Vamos acordándonos de “La Pistoja” o más bien de Severiano Ramos que en paz descanse. Don Severiano era un buen alfarero que hacía ollas frijoleras, jarros de a cuarto, de medio y de un litro.
Severiano, al igual que a muchos tonaltecas, le gustaba el tequilita, a veces ya tomadito le daba el gusto de cantar algunas de las canciones de moda de los años 40s y 50s, recorriendo las calles de su pueblo querido.
Y aunque después de sus buenos tragos le daba gran cruda, pero no dejaba de trabajar su loza, porque de eso vivia.
Severiano, la Pistoja, era muy cumplido con sus marchantes (compradores) pues tenía un pequeño puesto en el tianguis afuera del mercado municipal.

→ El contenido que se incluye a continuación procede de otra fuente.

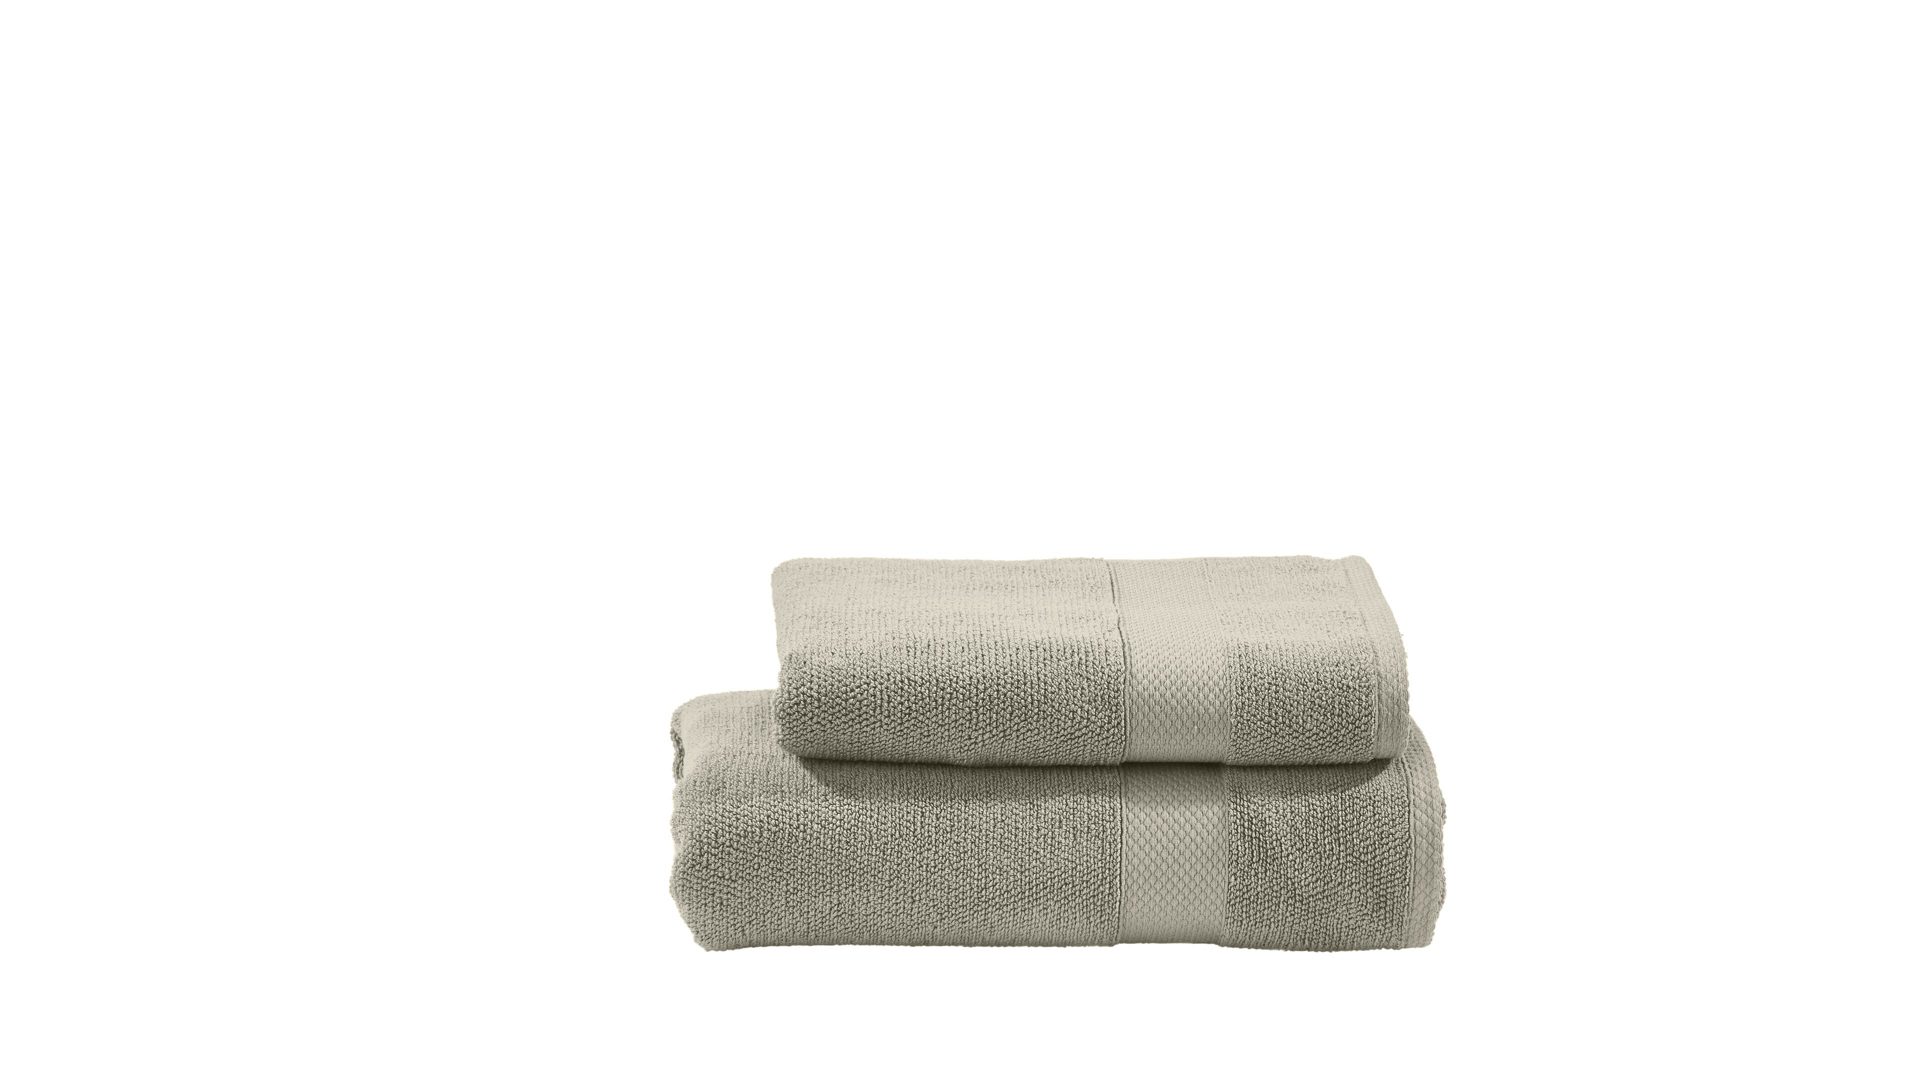 Handtuch-Set Done.® be different aus Stoff in Beige DONE.® Handtuch-Set Deluxe bzw. Heimtextilien taupefarbene Baumwolle  – zweiteilig

Él tenía a sus clientes quienes le compraban o a veces le pedían fiado, pero nunca tuvo problemas con nadie.
Severiano, era de los que también vendía su loza en San Juan de Dios y al que hoy es el mercado Alcalde, lugar donde muchos tonaltecas incluso feriaban su artesanía.
Severiano Ramos era en su tiempo un buen futbolista que militó en el Club Oriente, habiendo hoy todavía algunos tonaltecas que lo recuerdan.